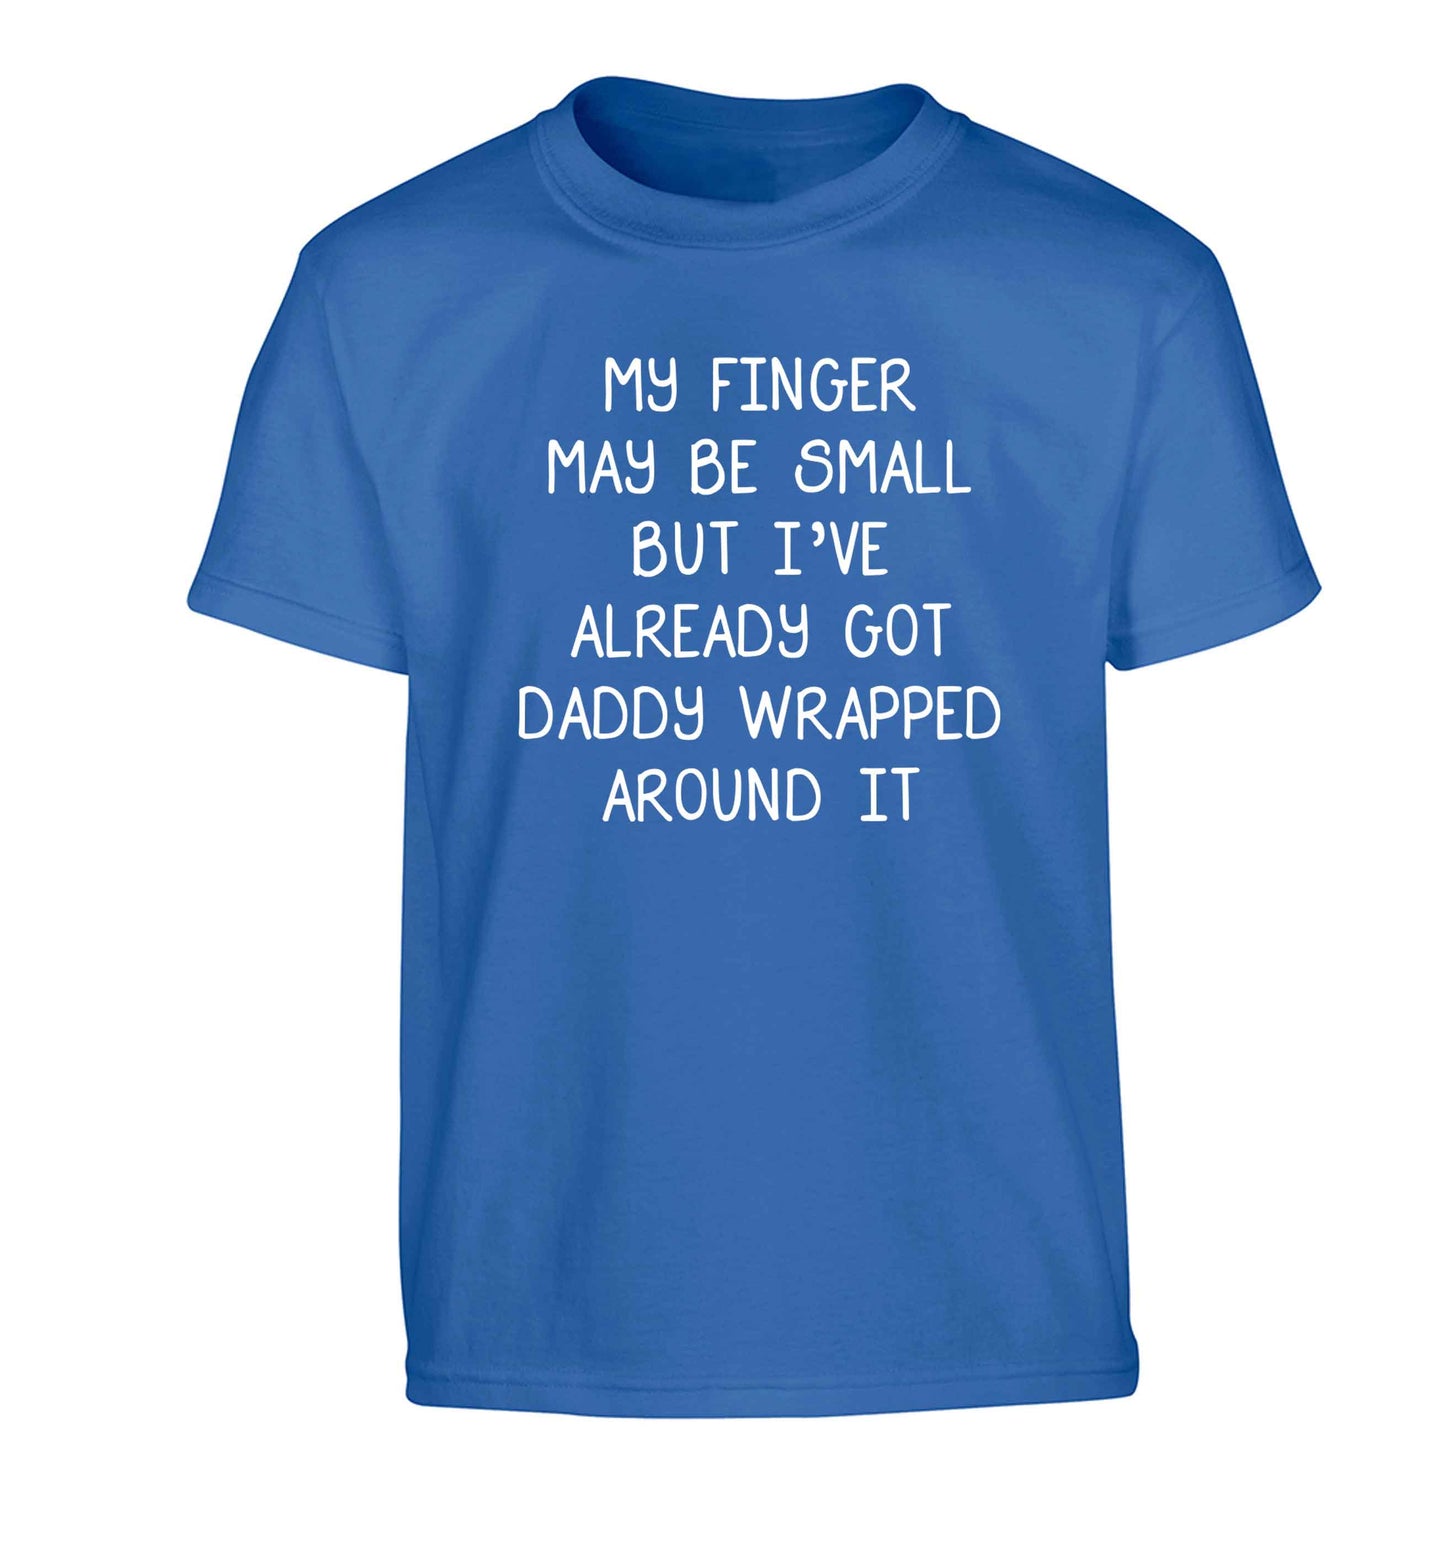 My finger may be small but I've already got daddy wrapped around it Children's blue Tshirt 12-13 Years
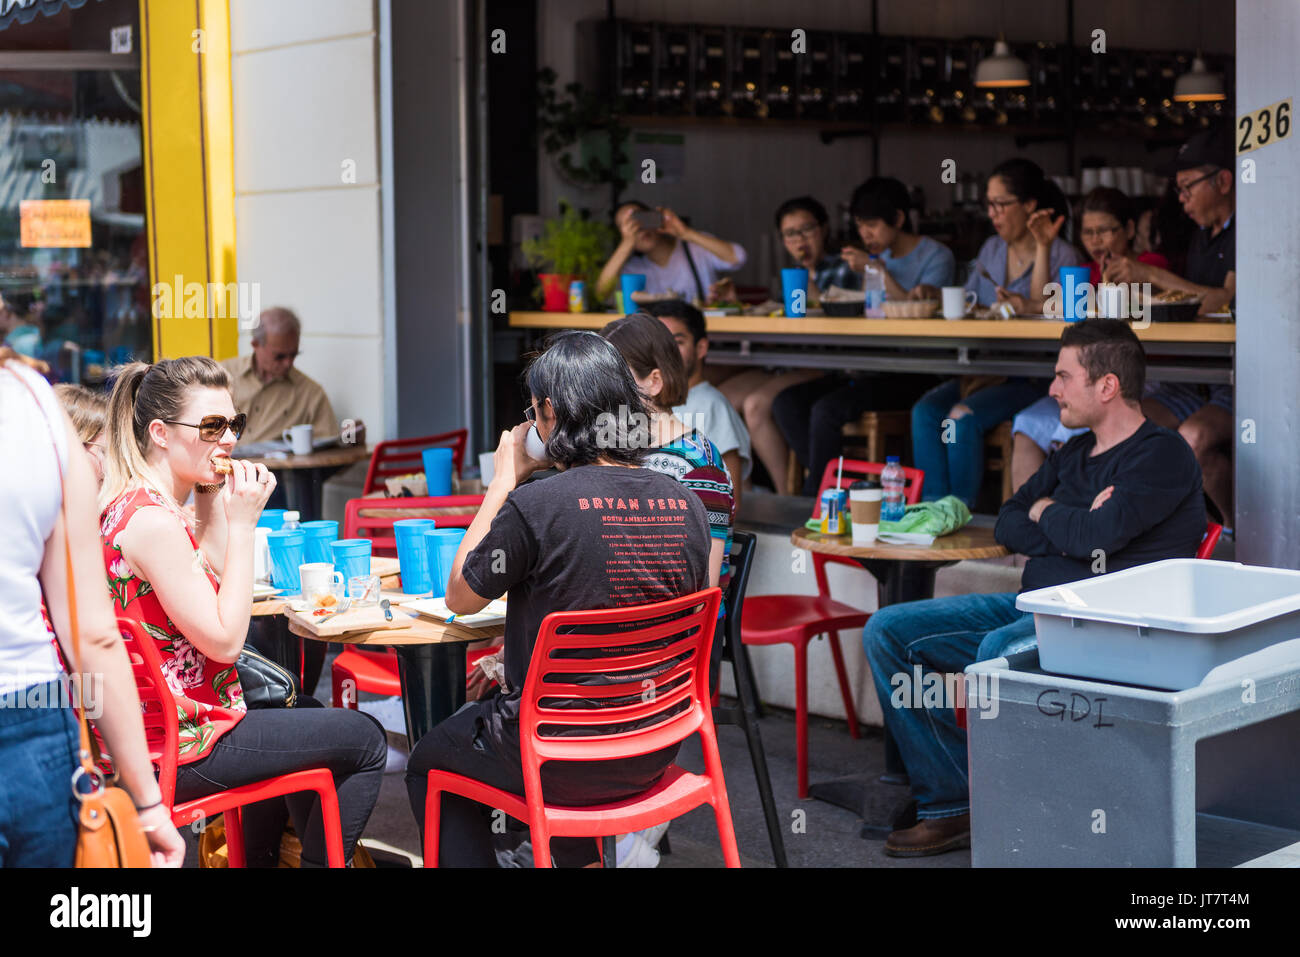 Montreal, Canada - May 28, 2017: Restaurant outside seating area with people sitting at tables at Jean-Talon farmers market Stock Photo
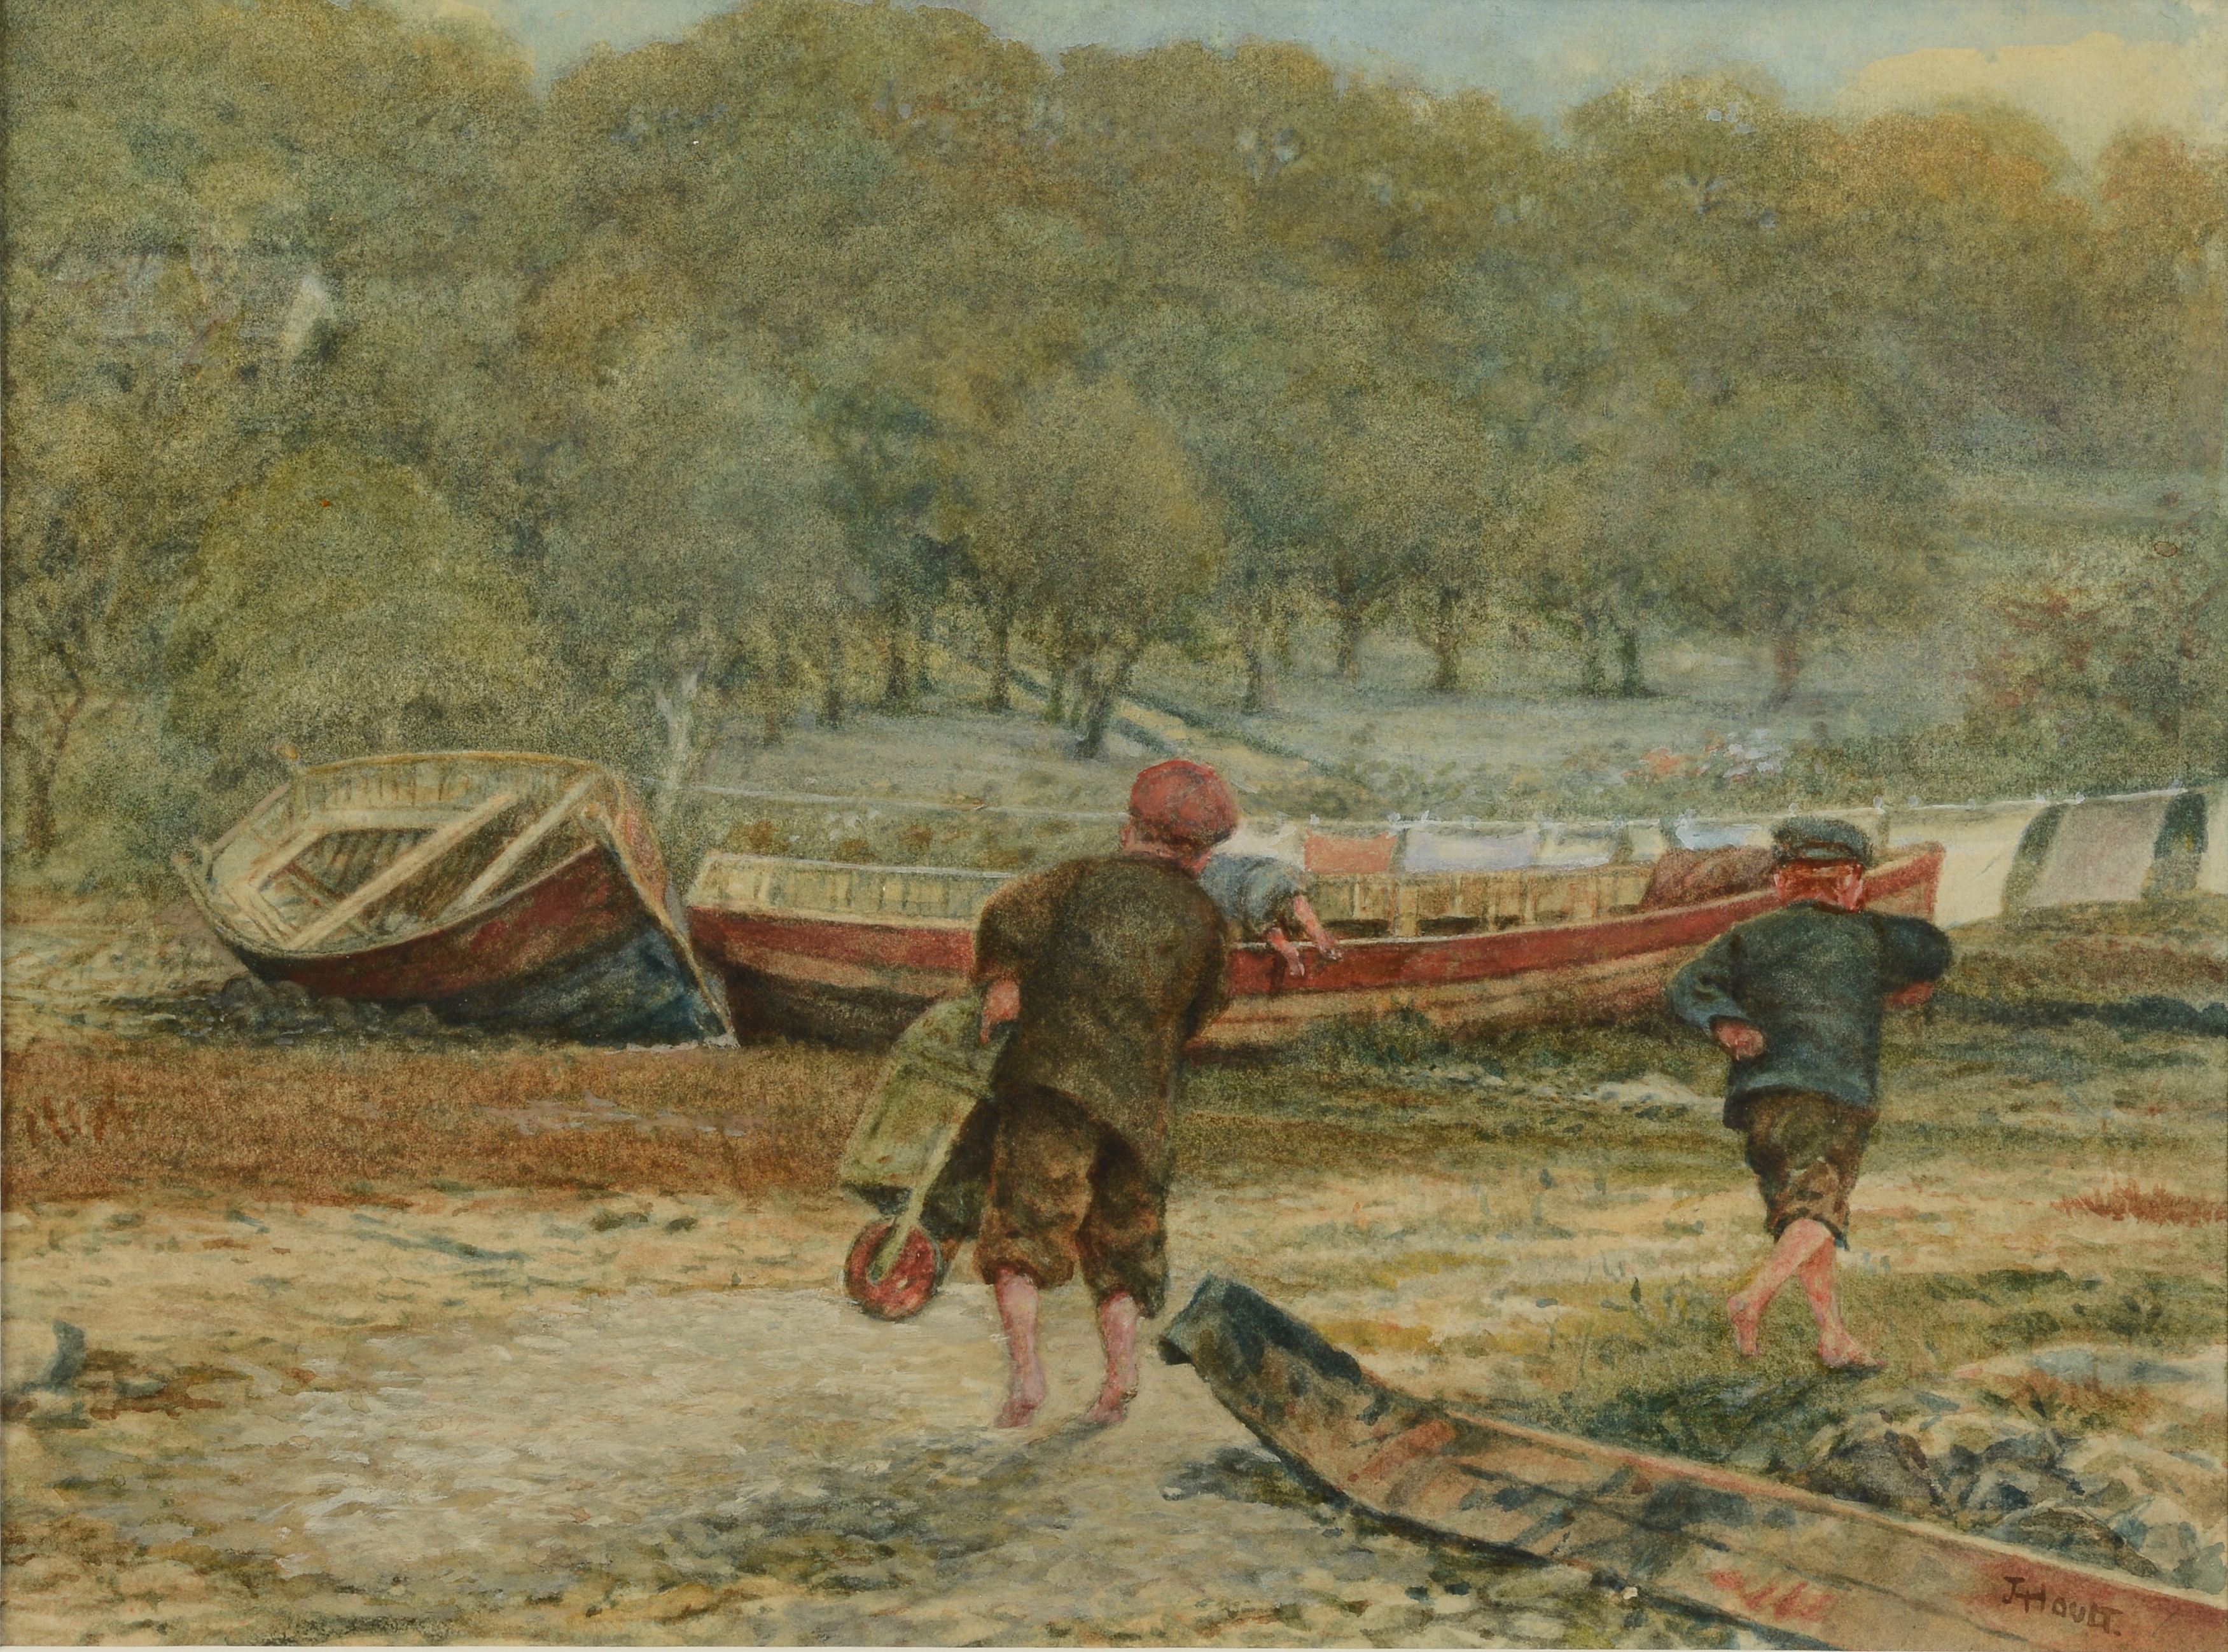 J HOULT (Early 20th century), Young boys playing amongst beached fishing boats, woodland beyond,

» **Aim of the task**
Copy the material above word for word, images excluded.

» **Answer space**
 My finger may be small but I've already got daddy wrapped around it Children's blue Tshirt 12-13 Years
 Montreal, Canada - May 28, 2017: Restaurant outside seating area with people sitting at tables at Jean-Talon farmers market Stock Photo
 J HOULT (Early 20th century), Young boys playing amongst beached fishing boats, woodland beyond,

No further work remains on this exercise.